━━━ RECORD EXTRACTS ━━━

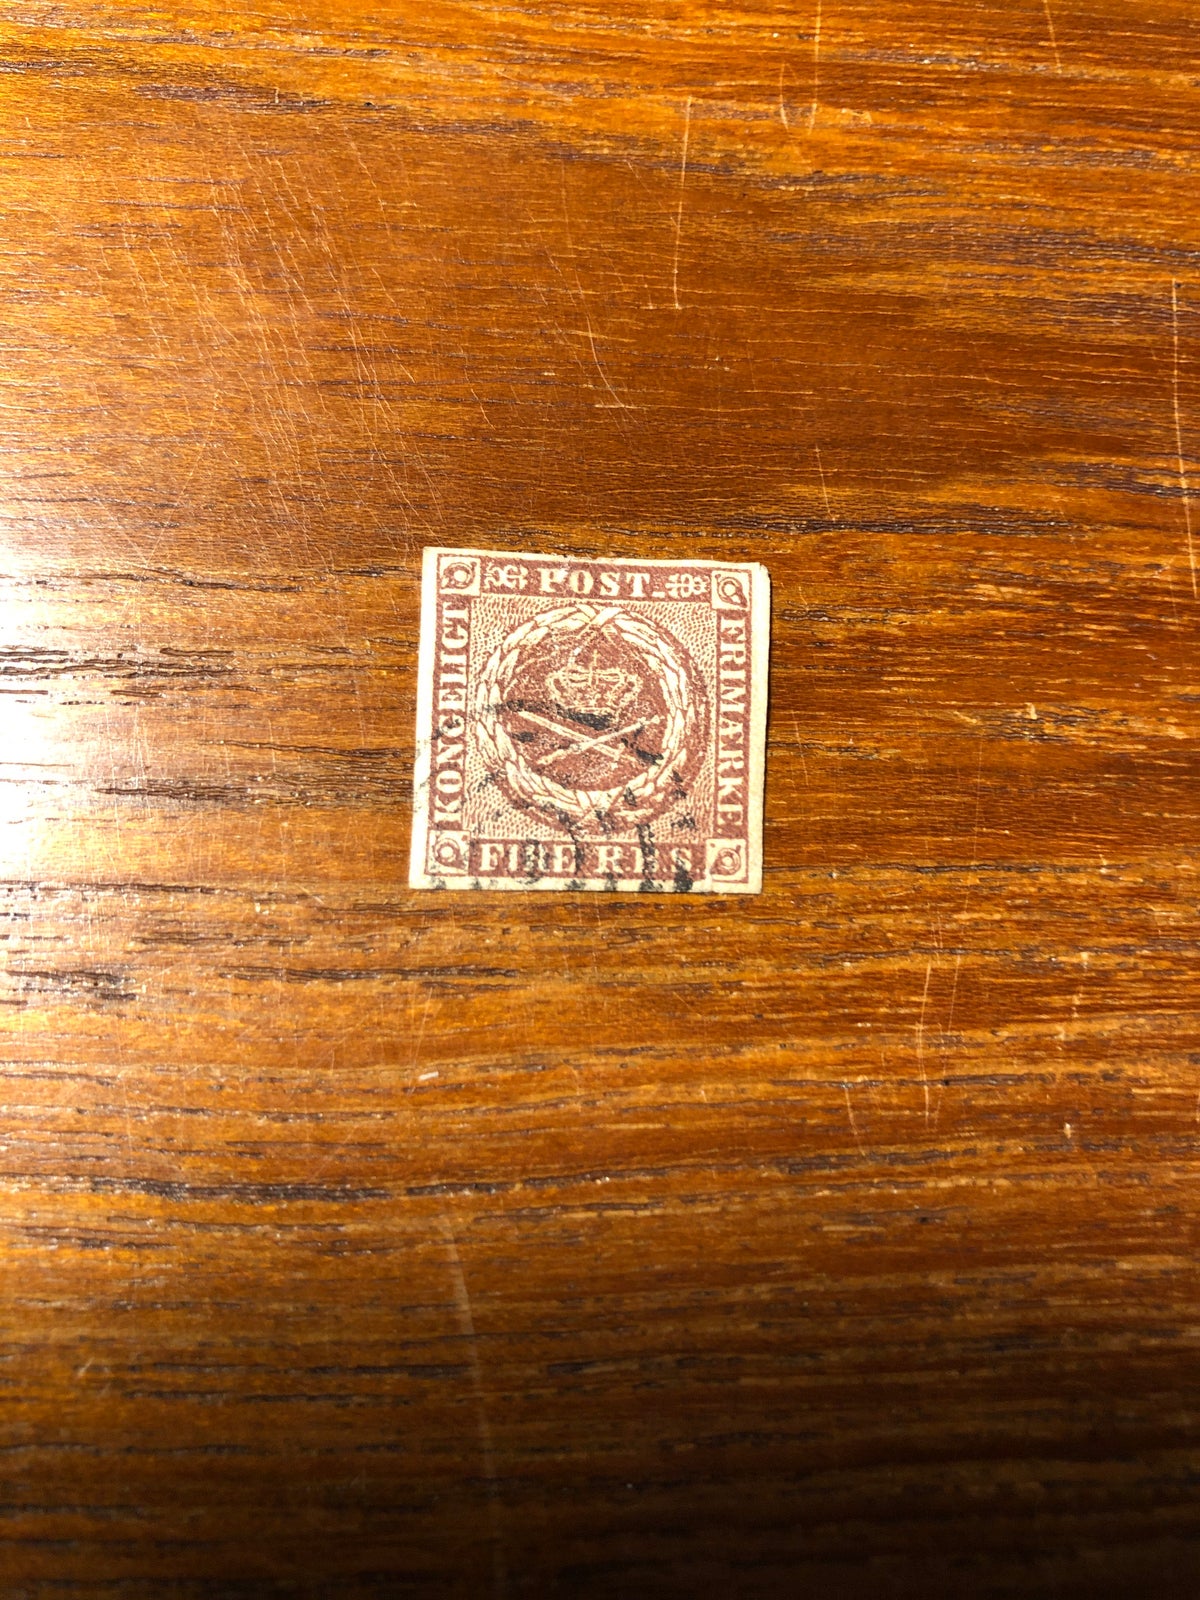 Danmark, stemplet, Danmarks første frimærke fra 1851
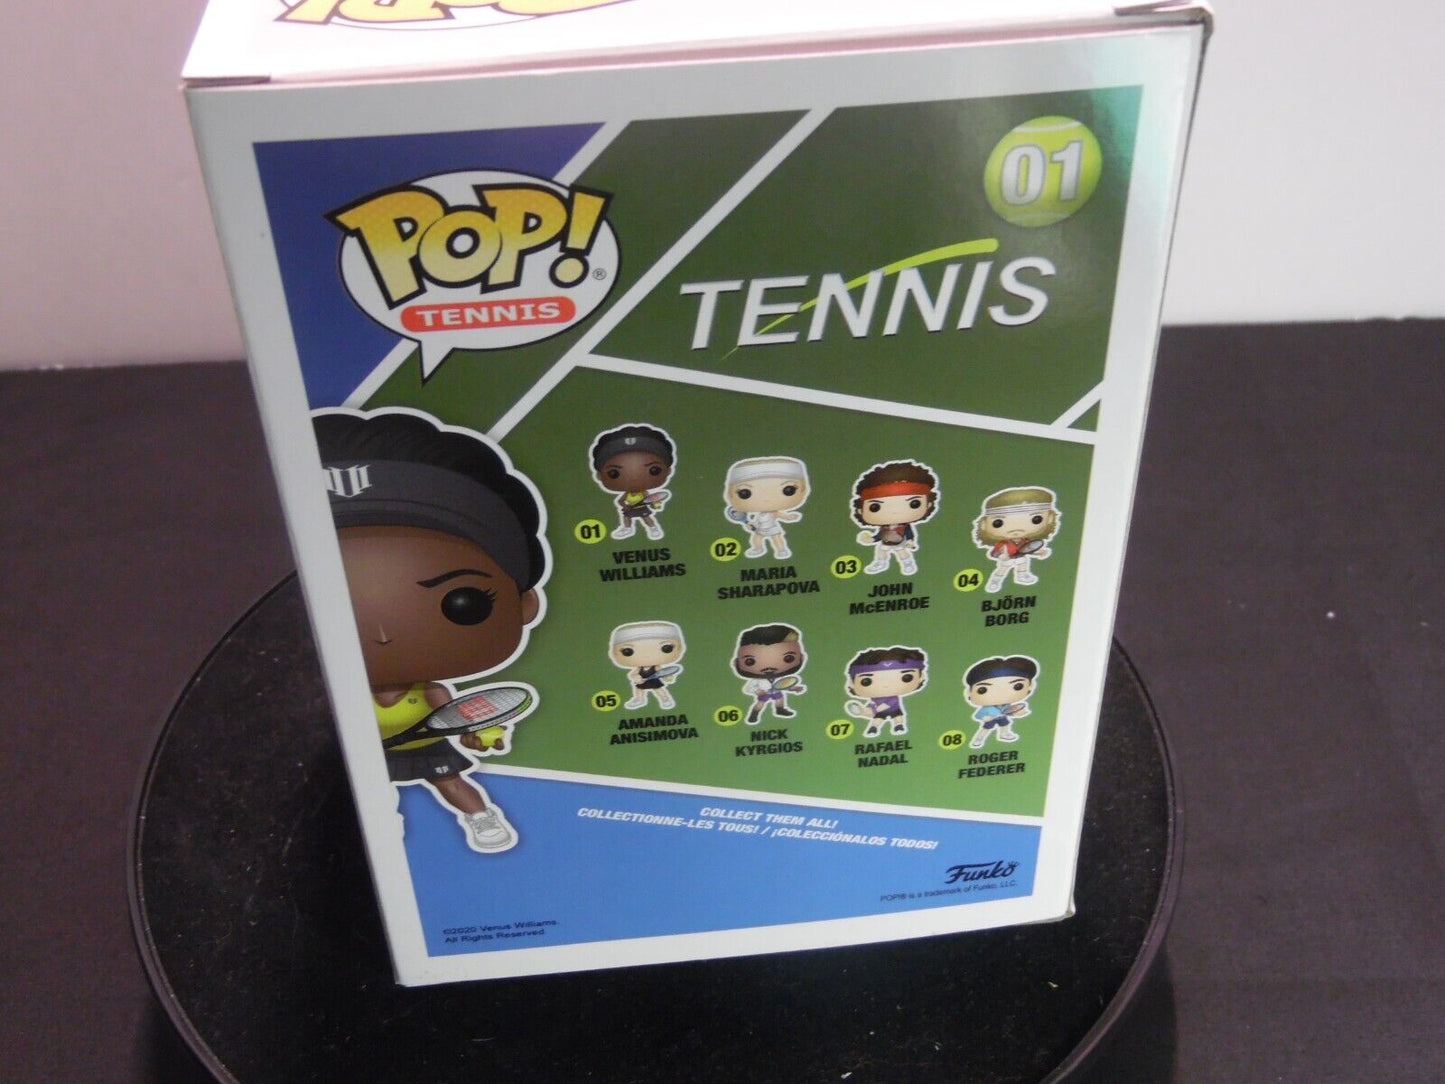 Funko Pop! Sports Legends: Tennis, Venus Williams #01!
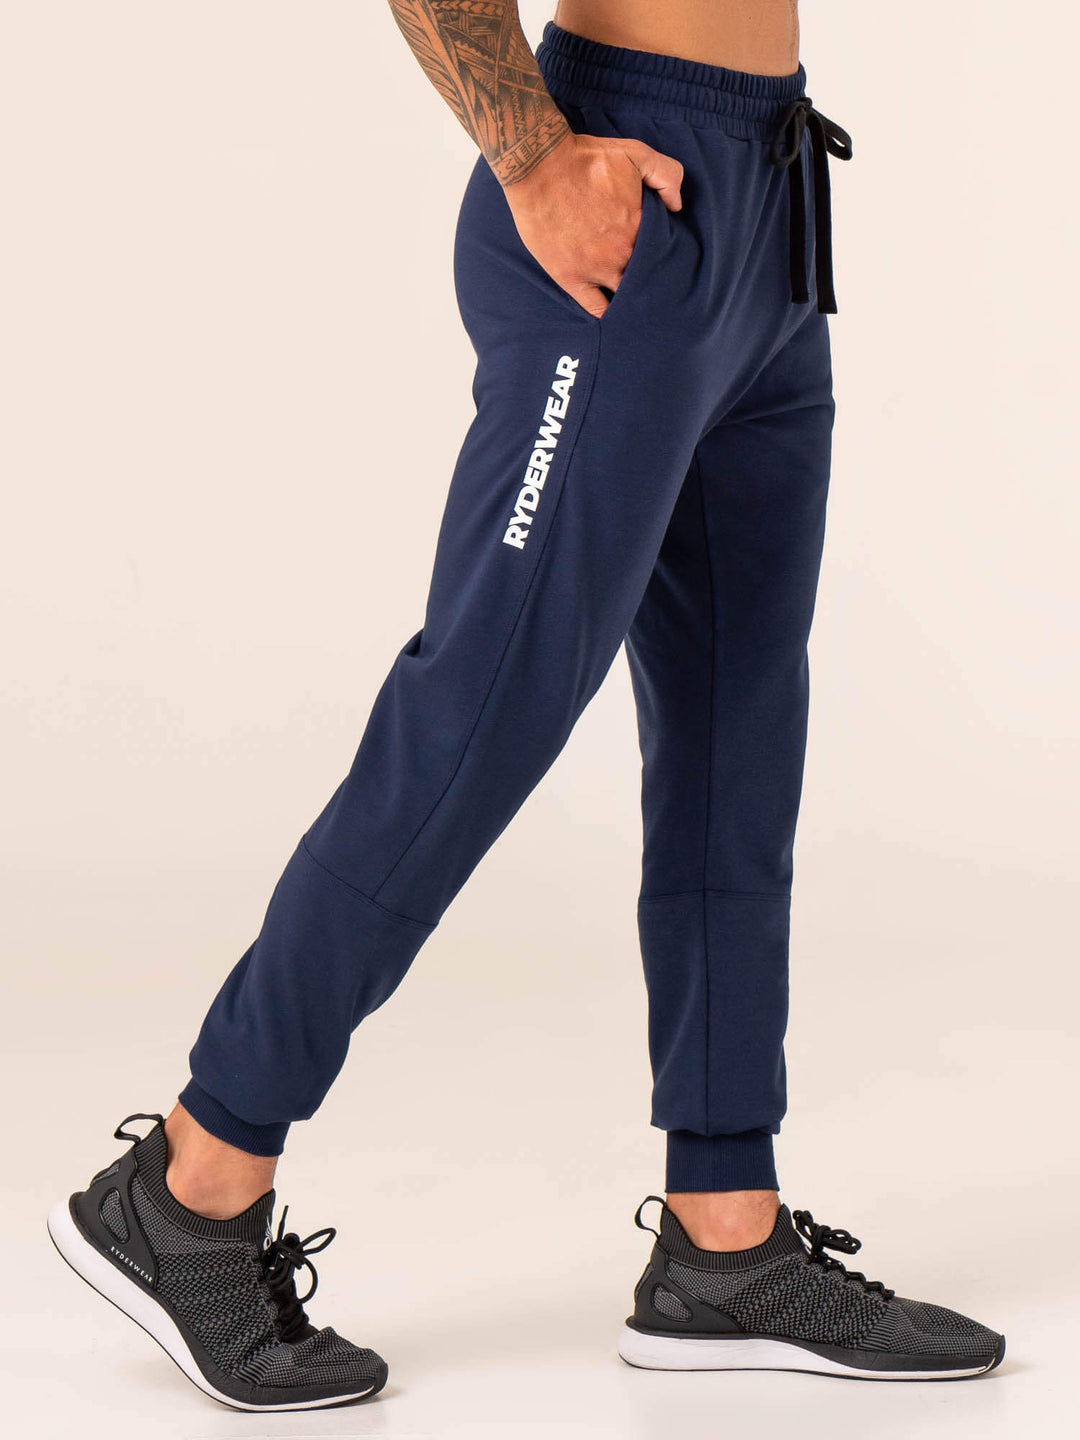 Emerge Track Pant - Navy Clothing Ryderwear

━━━
━━━ RECORD EXTRACTS ━━━

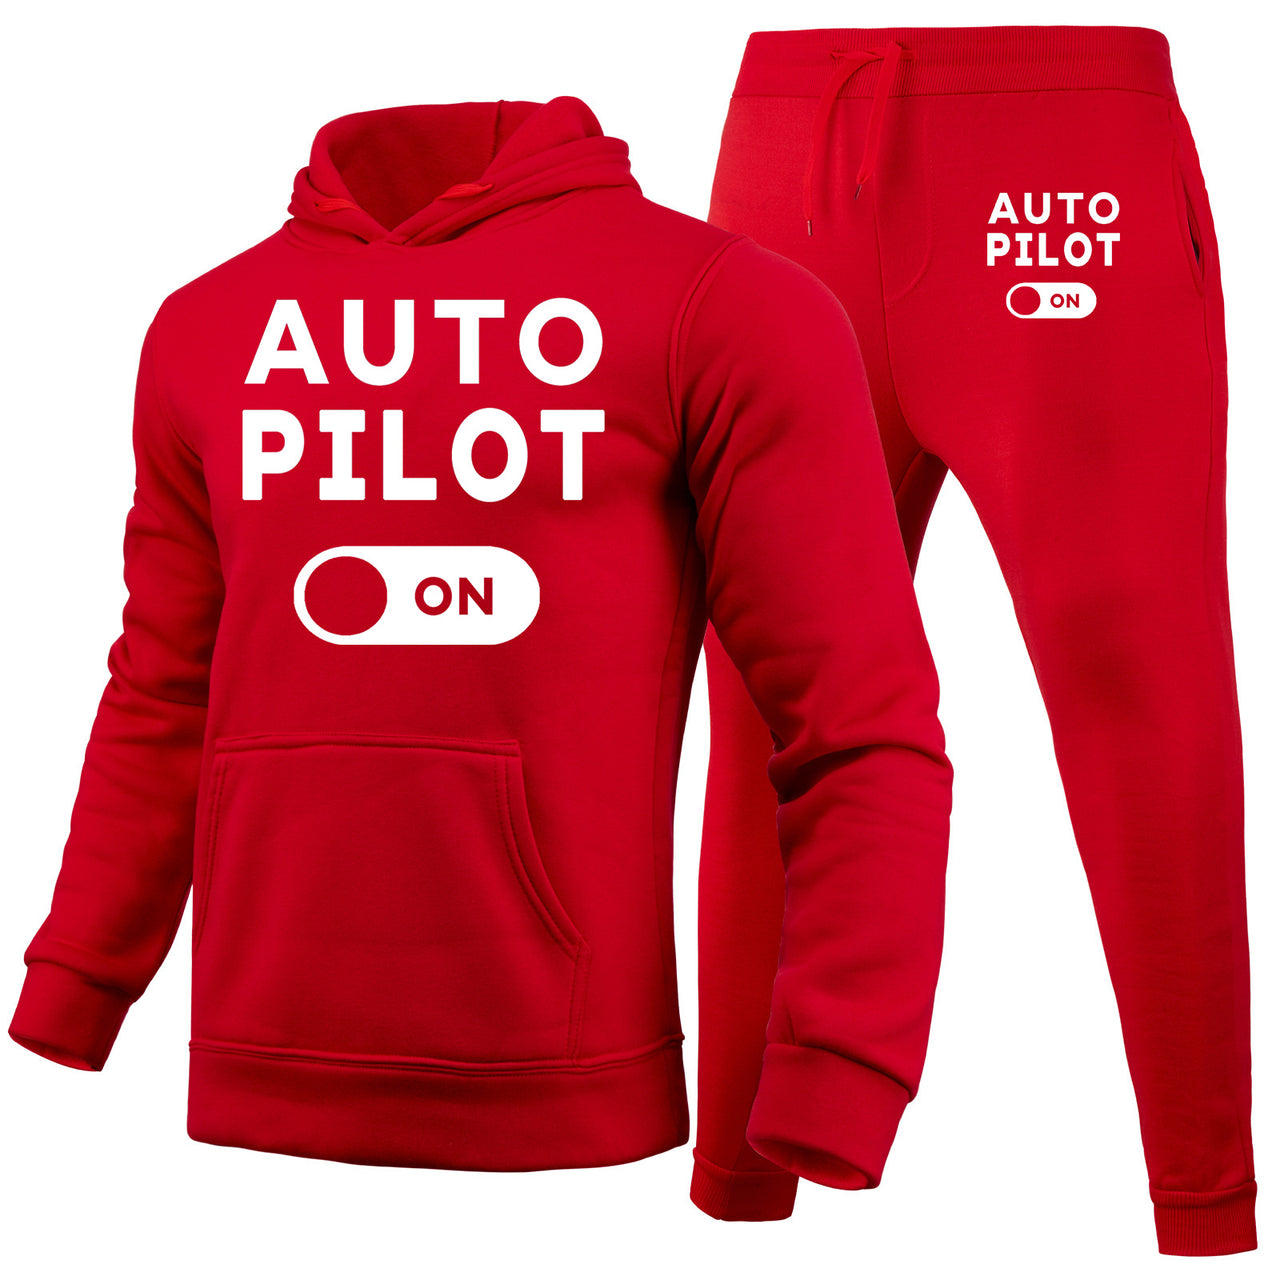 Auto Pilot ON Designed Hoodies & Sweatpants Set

━━━

> **TASK ITEM**
Look above for the line containing "Danmark, stemplet, Danmarks", then copy exactly from it through the line containing "Emerge Track Pant - Navy Clothing Ryderwear", keeping both and leaving out pictures. Add nothing else.

> **SOLUTION TO THIS EXERCISE**
 Danmark, stemplet, Danmarks første frimærke fra 1851
 Funko Pop! Sports Legends: Tennis, Venus Williams #01!
 Emerge Track Pant - Navy Clothing Ryderwear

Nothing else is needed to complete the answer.